Some new entrepreneurs are motivated by quality-of-life issues rather than a layoff. A desire for more flexibility and to do “something with a larger purpose” prompted Judi Willard, a Lido Beach psychotherapist, to launch Say Please Inc. in 2009.

The home-based business’ signature product is Lunchbox Love cards with positive messages and “fun facts” that parents can tuck into the lunchboxes of their young children, tweens or teens.

“Why shouldn’t every mom be able . . . to give little notes to their kids?” said Willard, 47, a mother of two, ages 13 and 17.

Stores that sell her cards include the national arts and crafts retail chains Hobby Lobby and A.C. Moore, and mom and pop shops around the country and in Canada and Australia, she said.

Technology has given her business a big boost. Willard started Say Please Inc. with less than $5,000, most of it spent on a website.

She recently obtained an $11,000 loan from Kabbage Inc., an online lender that provides working capital to small businesses, that allowed her to upgrade her site to make it more consumer-friendly. The refurbished site launched in late July, and she estimates sales for that month were up 50 percent as a result.

Diane Eschenbach, a Rego Park, Queens-based business-startup specialist, said that with so many software apps available, home-based businesses can easily set up their own basic websites rather than paying someone to do so.
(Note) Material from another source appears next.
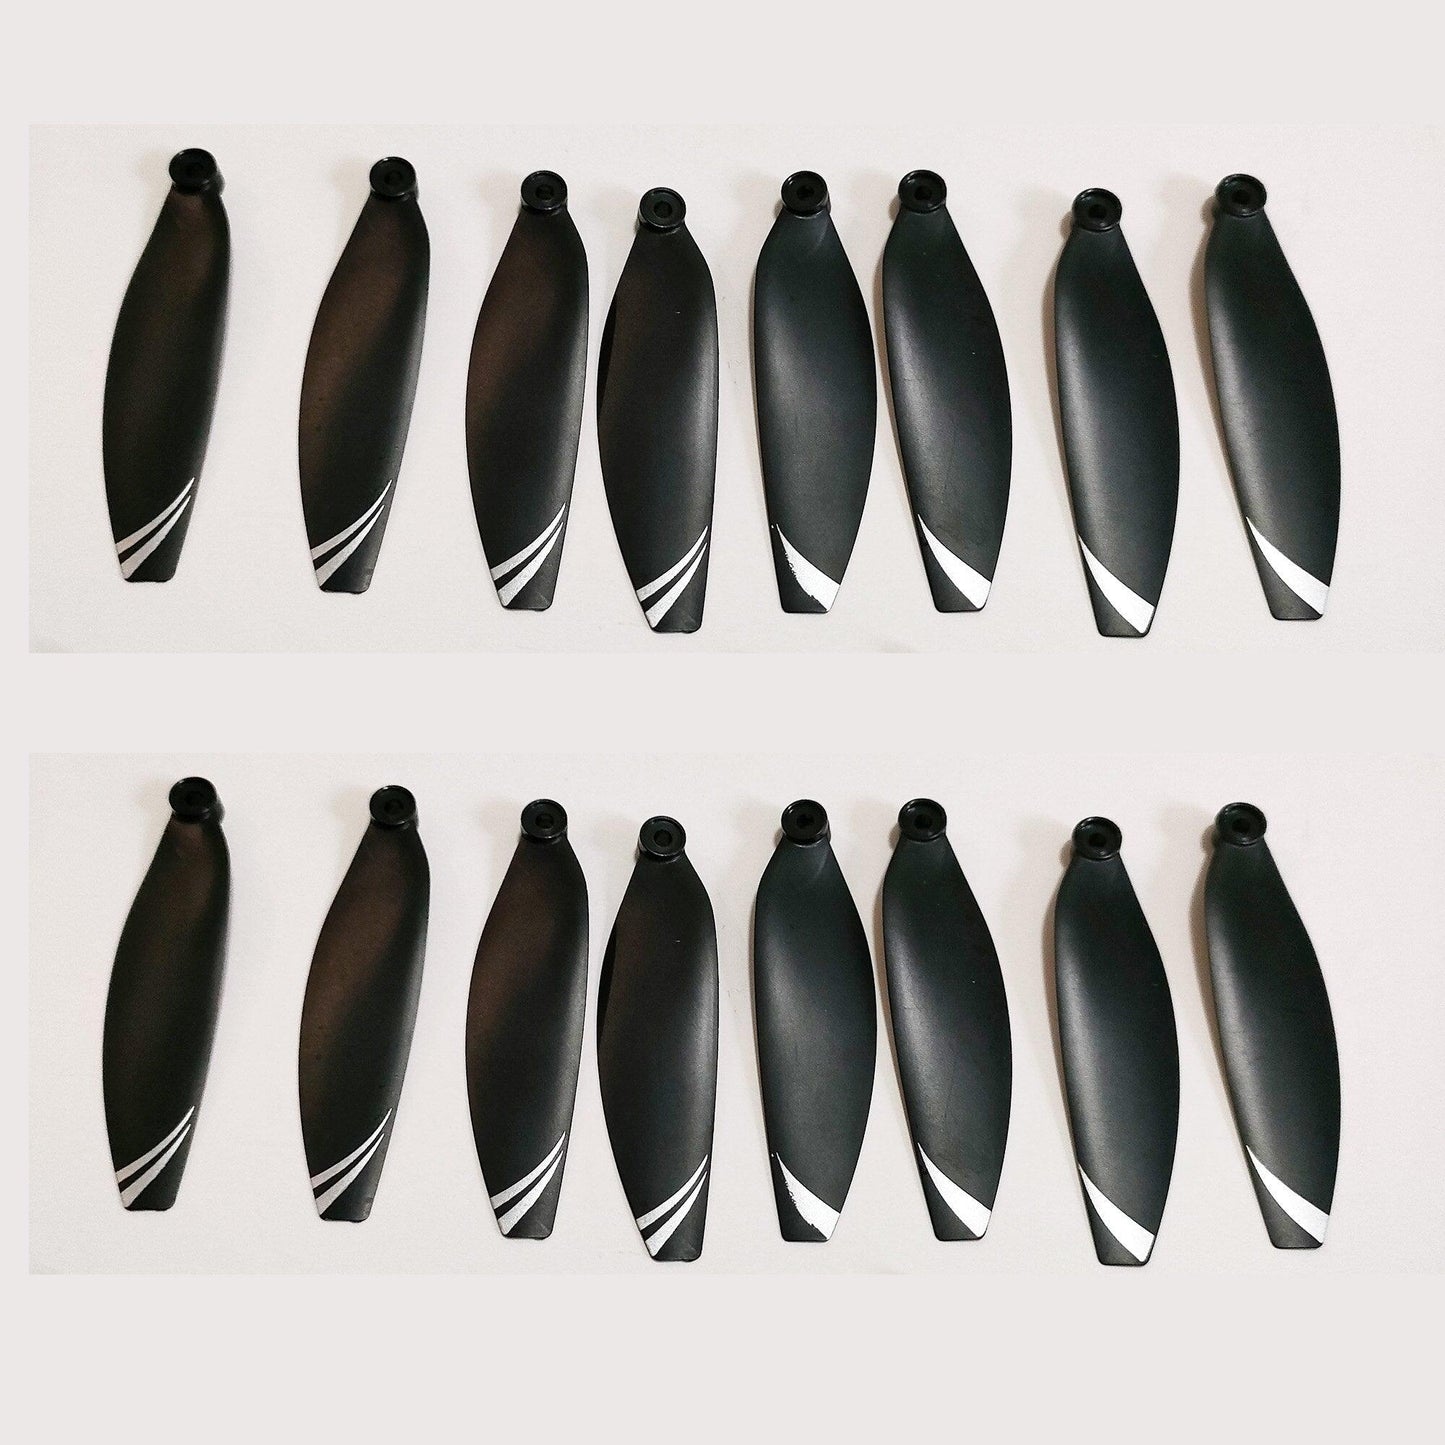 JJRC X16 CW CCW Propeller - Blade Spare Part X16 RC GPS Drone Wifi FPV Quadcopter Helicopter Original Rotor Fan Accessory - RCDrone
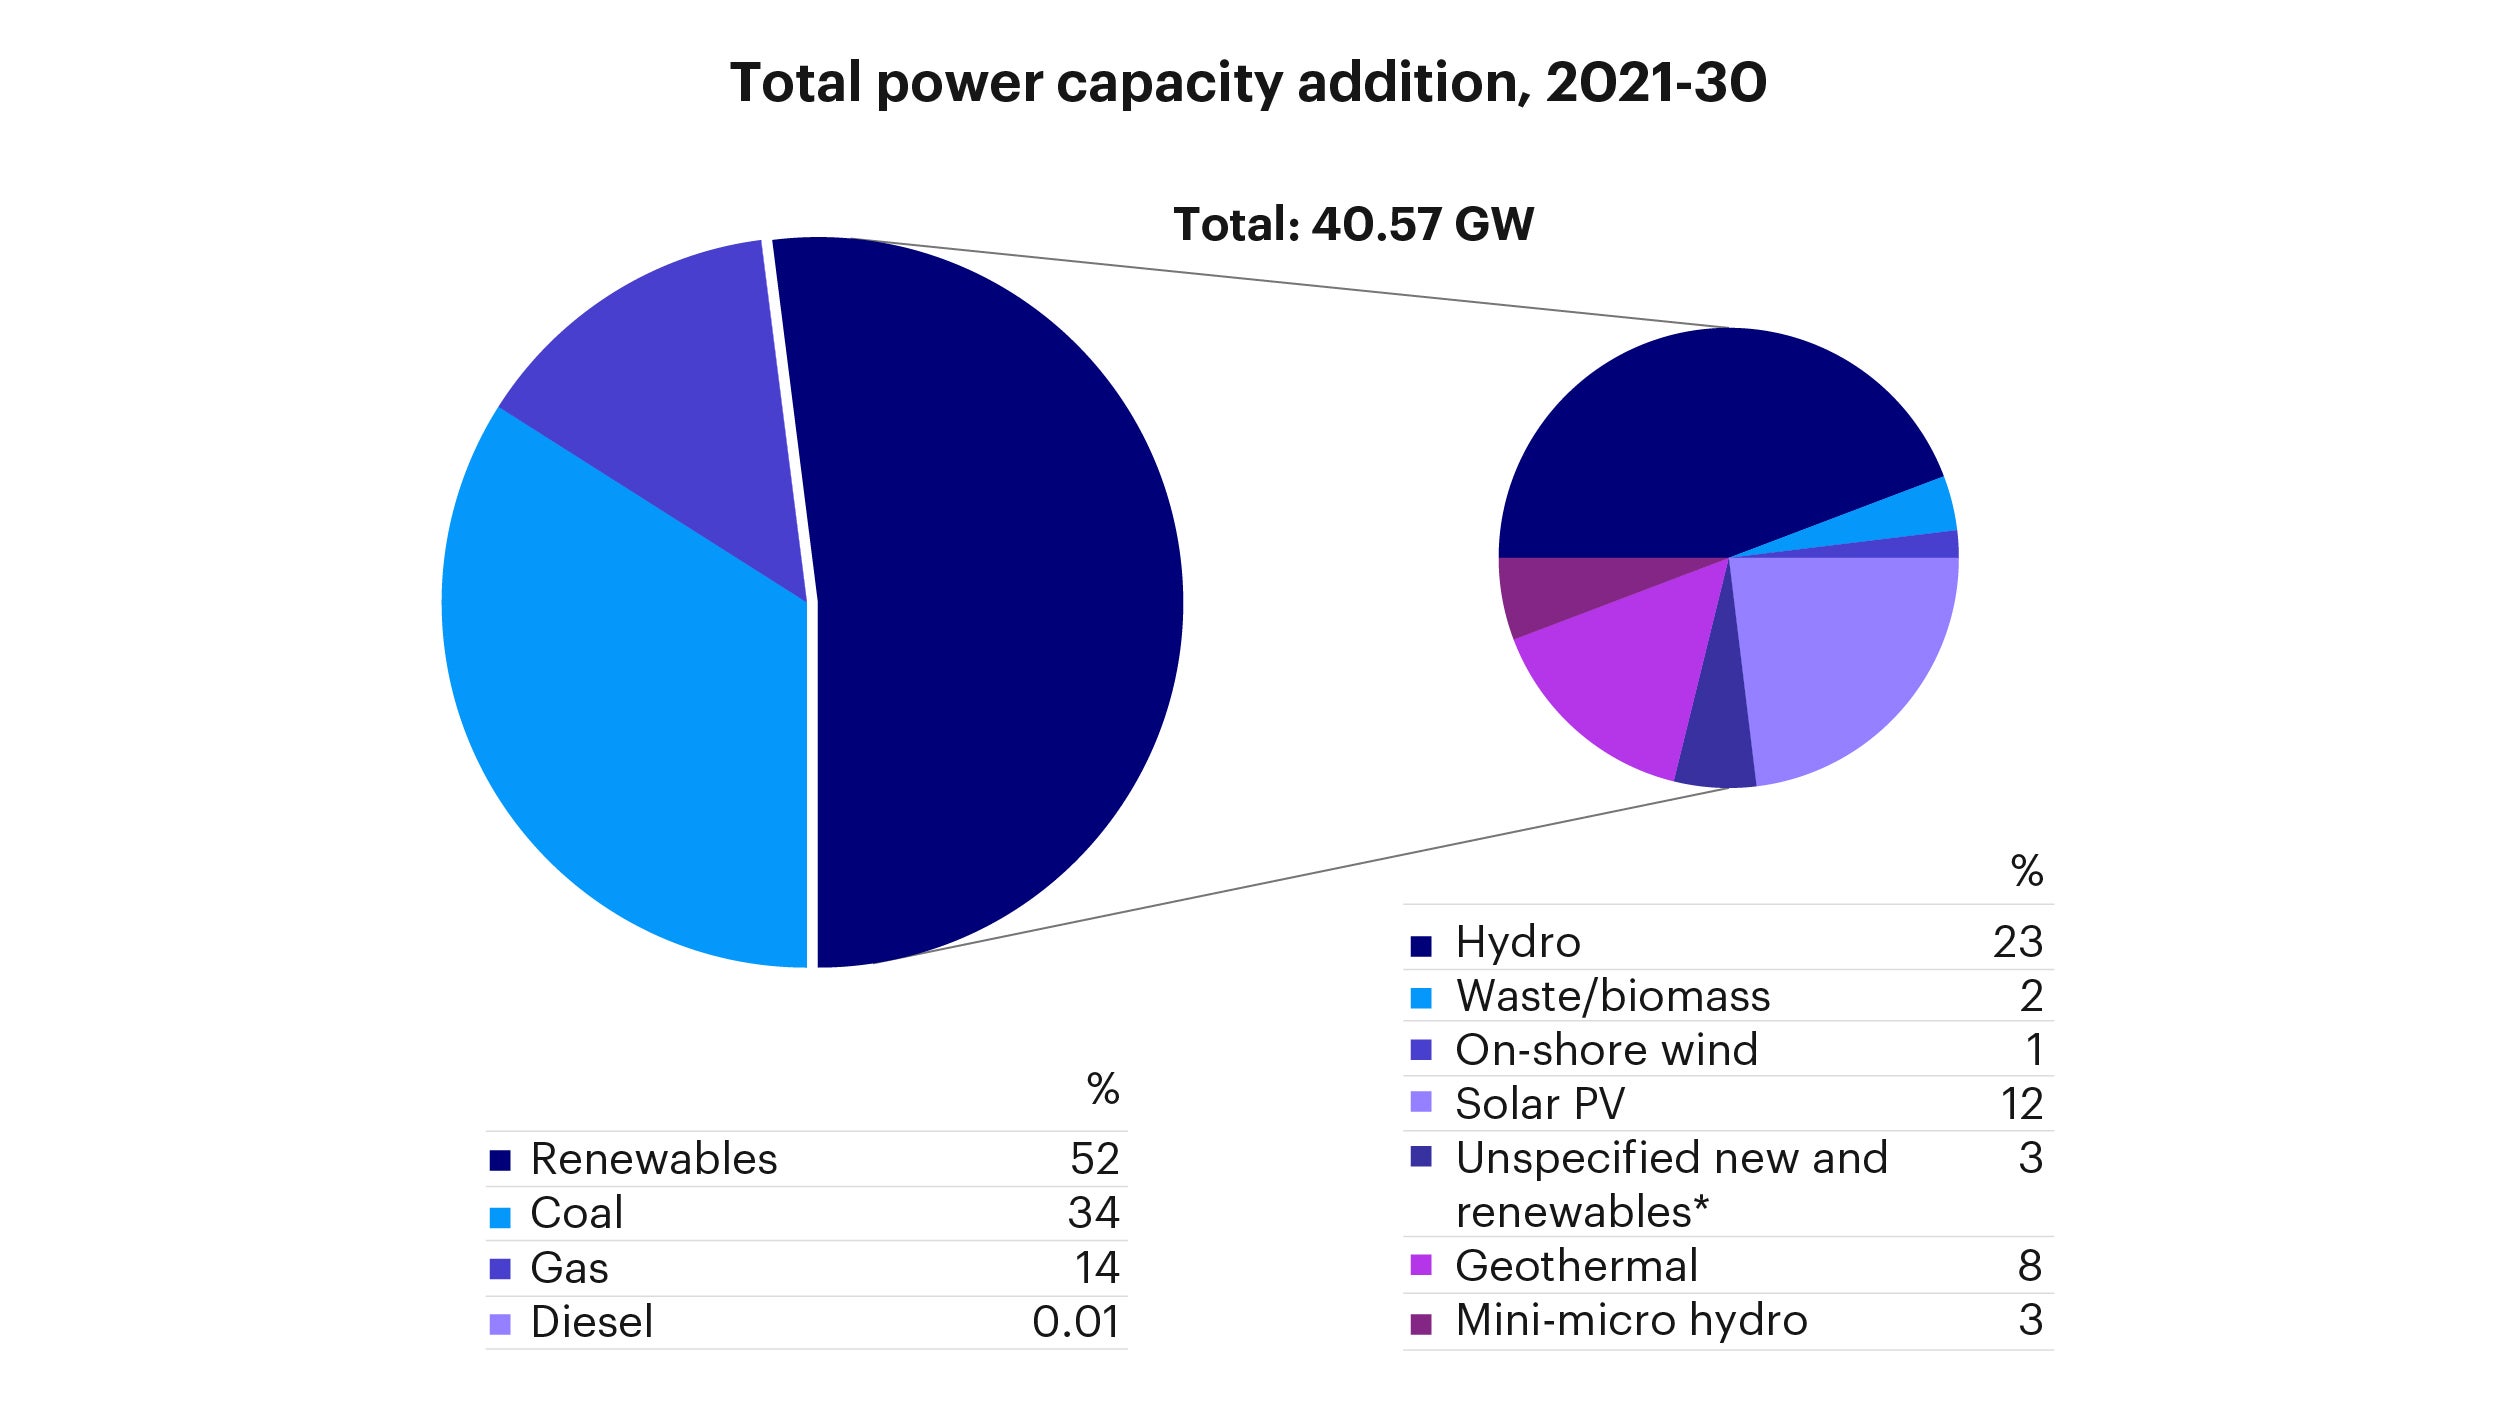 Figure 2: Renewables account for half of Indonesia’s total power capacity addition

And business owners can limit market-research expenses by testing the waters on social media, she said.

“It used to take many startups many years to break into an industry and to get a chunk of the market,” she said. “With the Internet everyone has an equal playing field.”

While many large companies have left Long Island for less expensive environs, Willard said having a Web-based business makes Long Island an ideal location.

“I do everything online,” she said. “But I can be in the city really quickly for any of the Javits shows.”

Willard’s business has grown so much that she has put her private practice on hold to devote herself full time to her card business.

No matter how compelling the reason for starting a home-based business, entrepreneurship is not for the faint of heart. Just half of all new establishments survive their first five years, the SBA said. And only one-third survive 10 years or more.

For Willard, the gamble has paid off. “You’ve got to take a leap of faith at some point and be passionate about what you’re doing,” she said. “If you love what you are doing, the money should follow.”